[[ Entries shown, beginning ]]
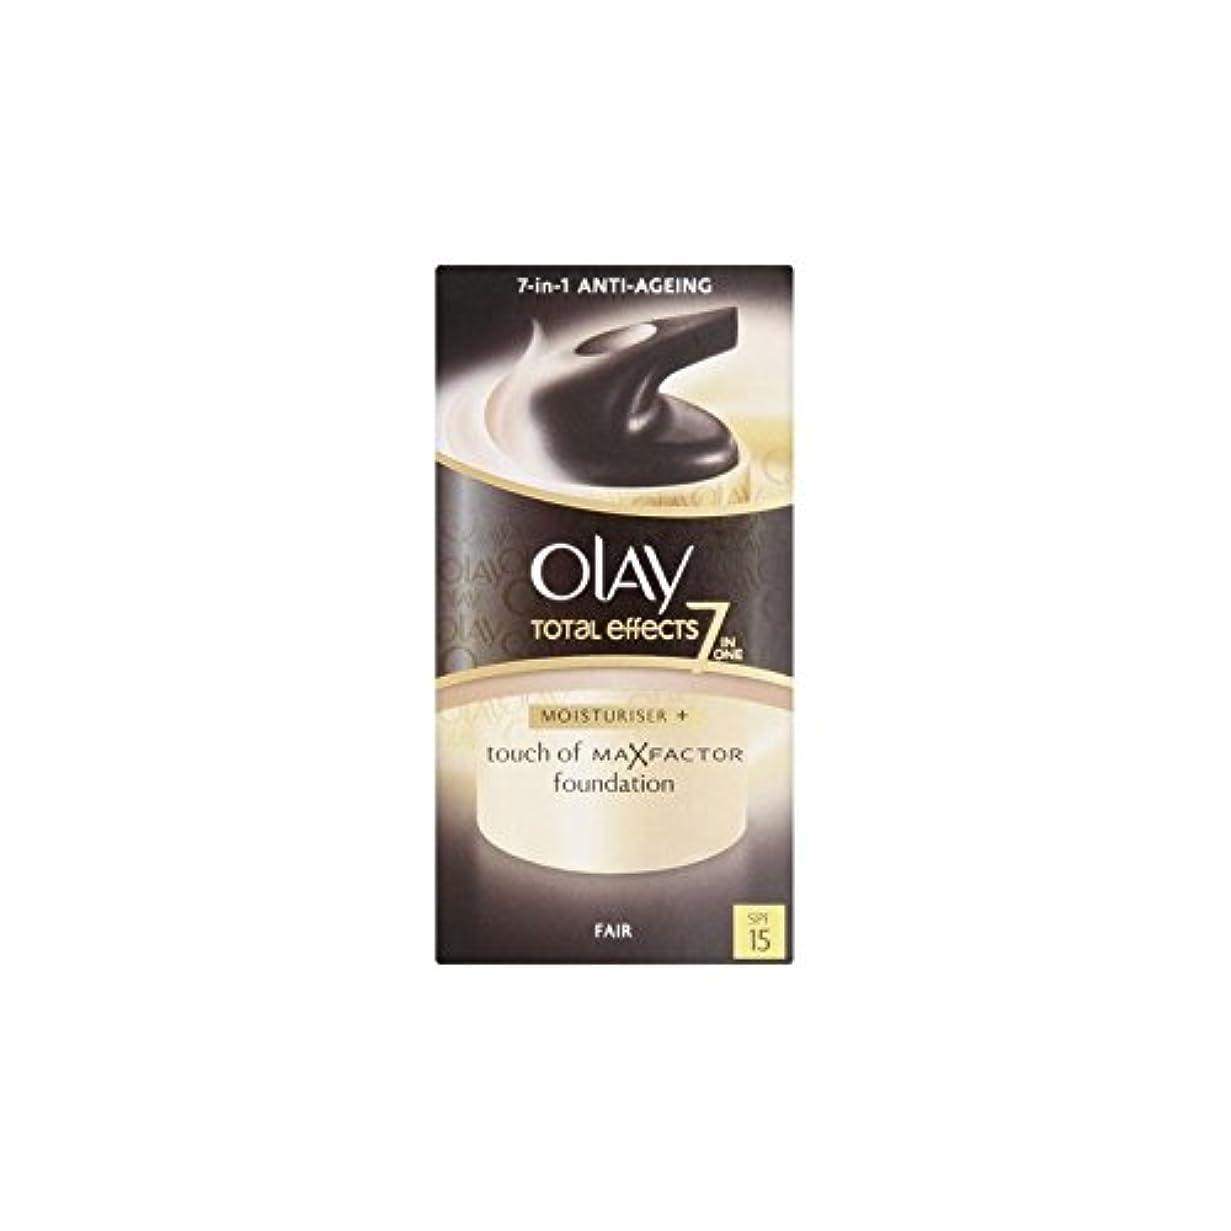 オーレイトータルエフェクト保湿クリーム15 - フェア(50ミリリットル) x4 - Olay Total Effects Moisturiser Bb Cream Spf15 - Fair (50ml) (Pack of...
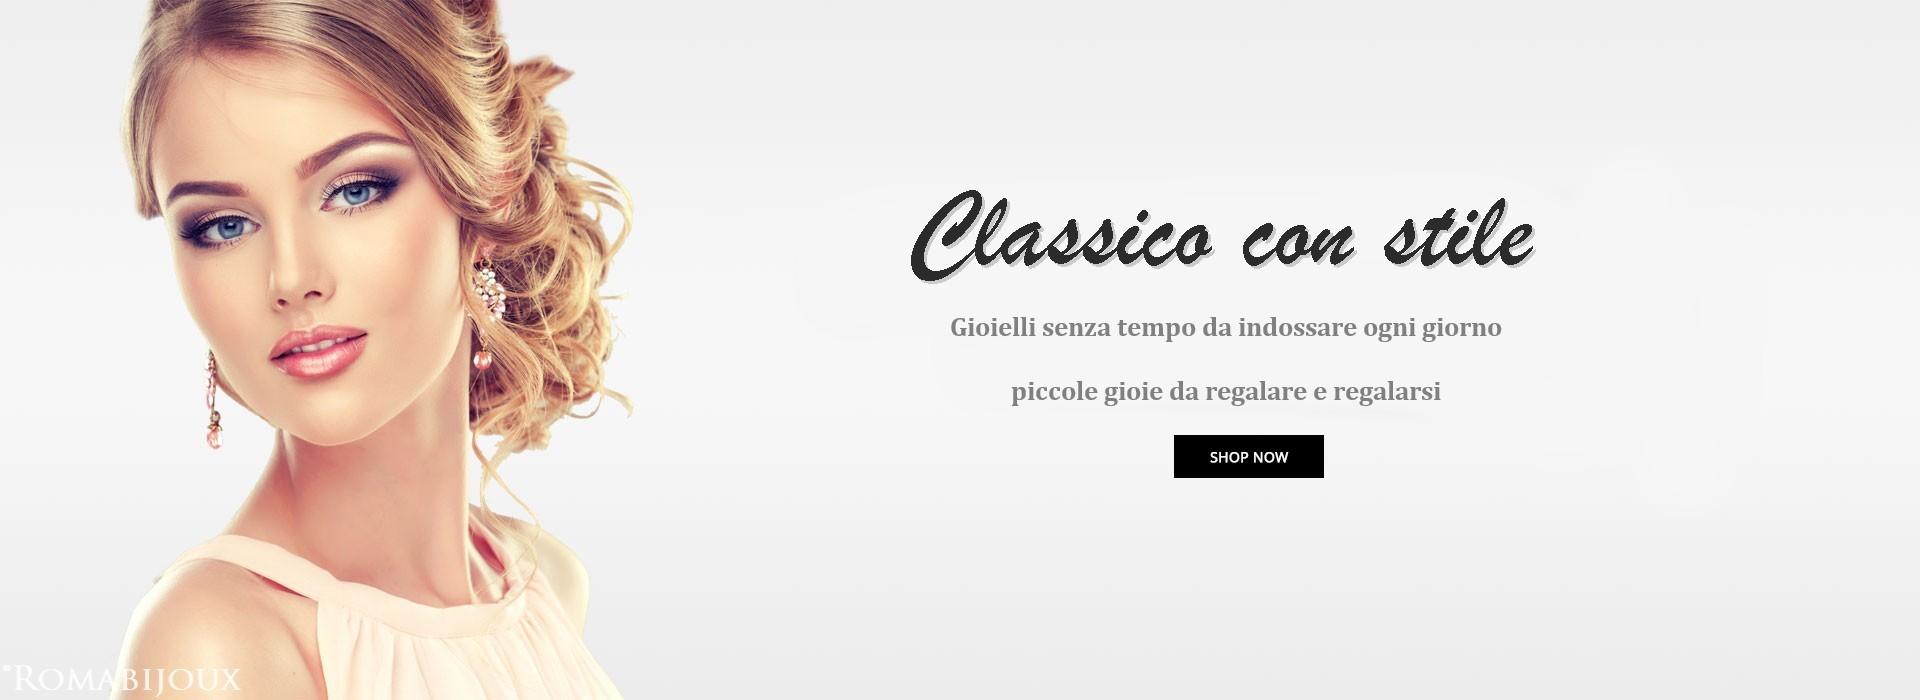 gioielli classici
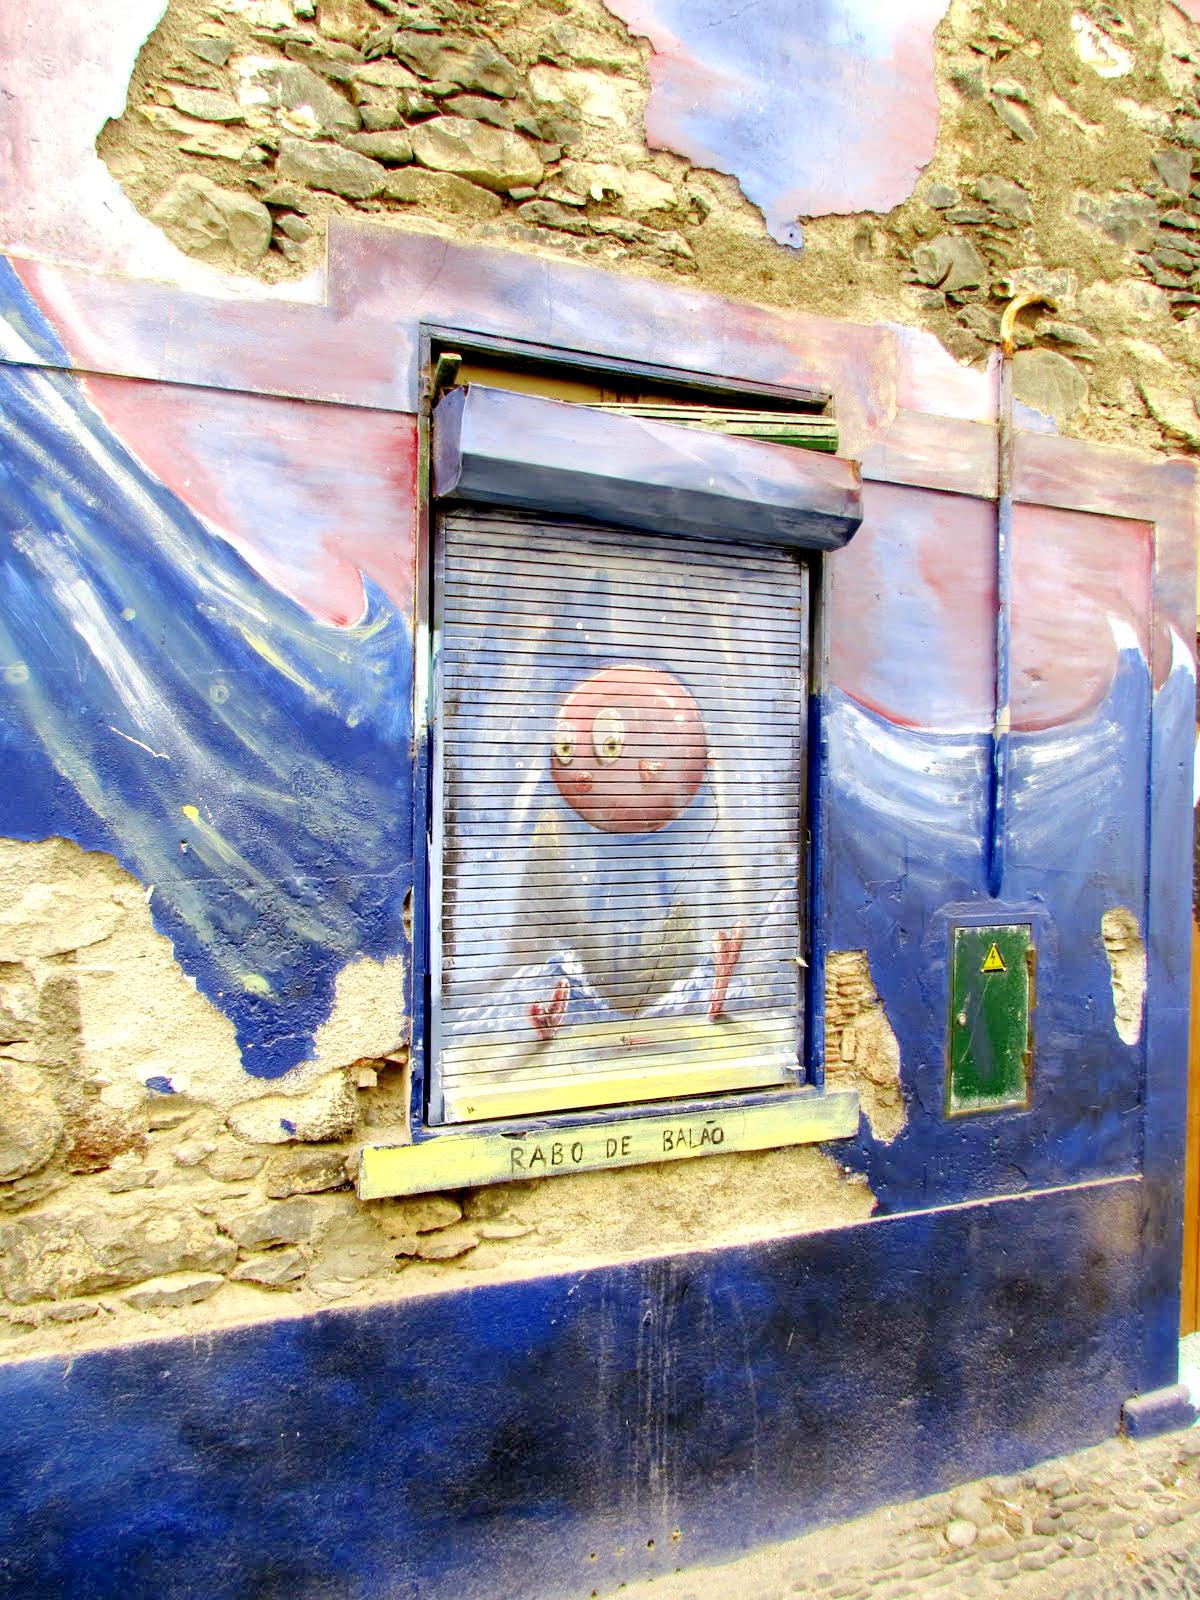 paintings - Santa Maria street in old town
[[ Entries shown, end ]]
[[ Entries shown, beginning ]]
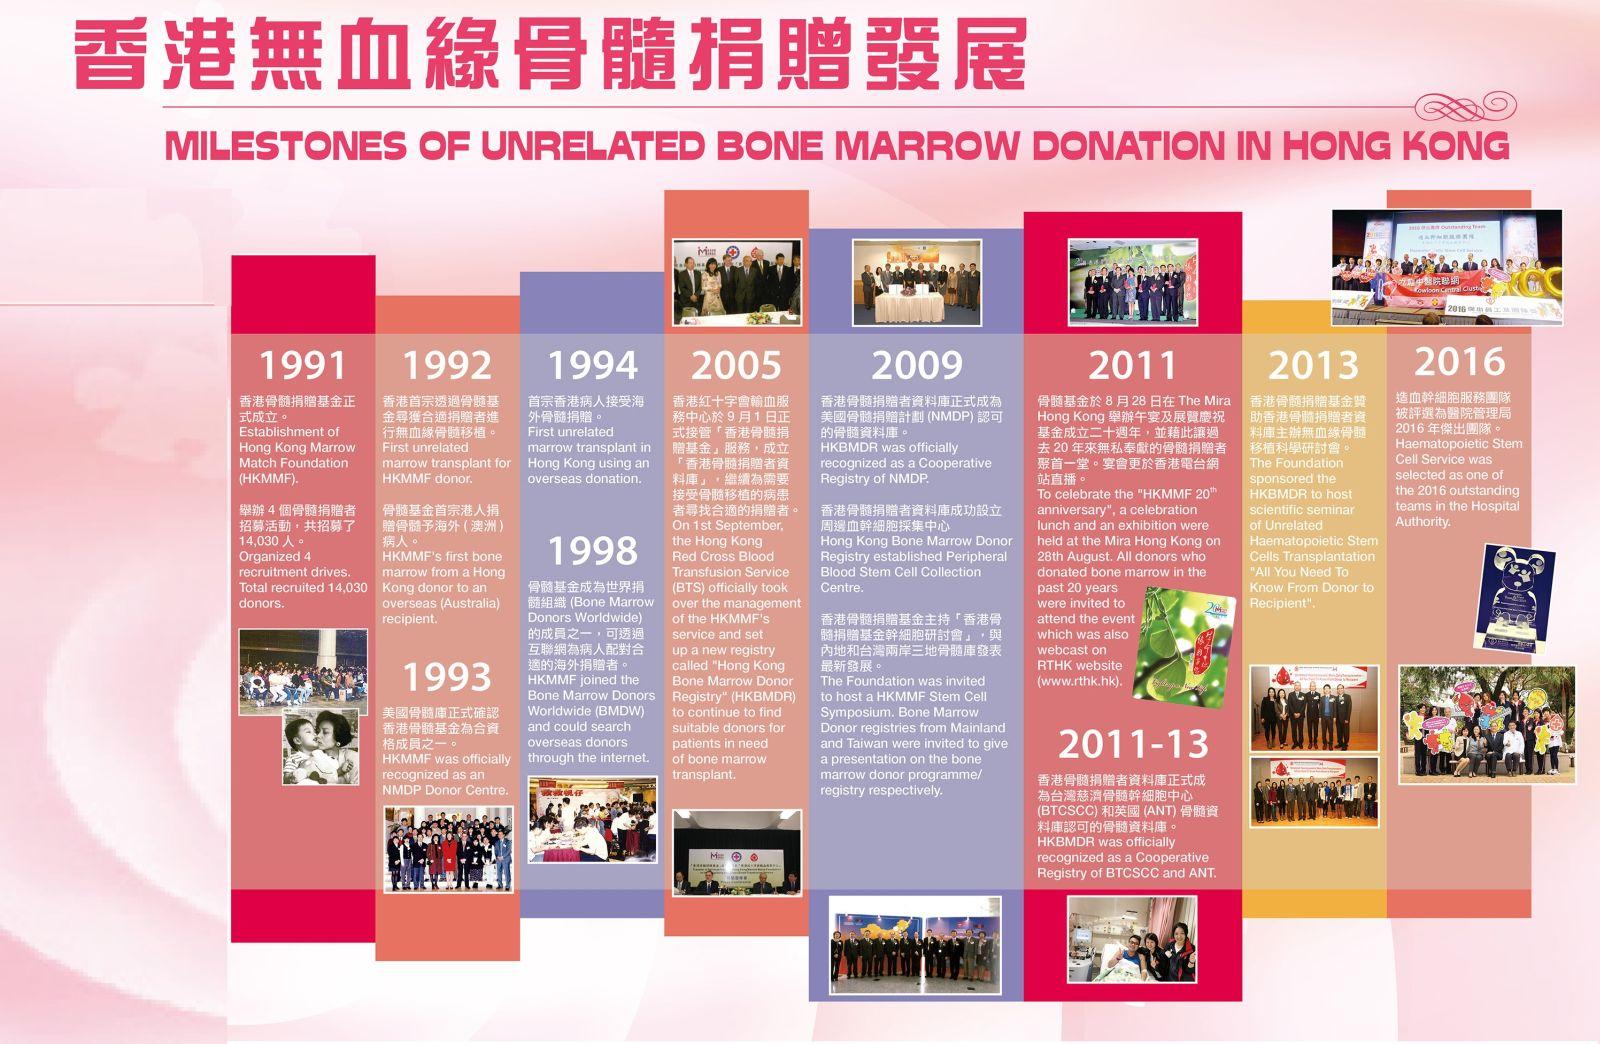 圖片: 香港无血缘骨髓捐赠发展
[[ Entries shown, end ]]
[[ Entries shown, beginning ]]
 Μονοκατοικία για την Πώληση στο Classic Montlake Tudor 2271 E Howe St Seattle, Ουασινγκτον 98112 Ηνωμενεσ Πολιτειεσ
[[ Entries shown, end ]]
What the task asks
Pictures excluded, transcribe the listing above exactly from the line with "オーレイトータルエフェクト保湿クリーム15 - フェア(50ミリリットル)" through the line with "paintings - Santa Maria street in old town", and no further.

Solution for this task
 オーレイトータルエフェクト保湿クリーム15 - フェア(50ミリリットル) x4 - Olay Total Effects Moisturiser Bb Cream Spf15 - Fair (50ml) (Pack of...
 gioielli classici
 paintings - Santa Maria street in old town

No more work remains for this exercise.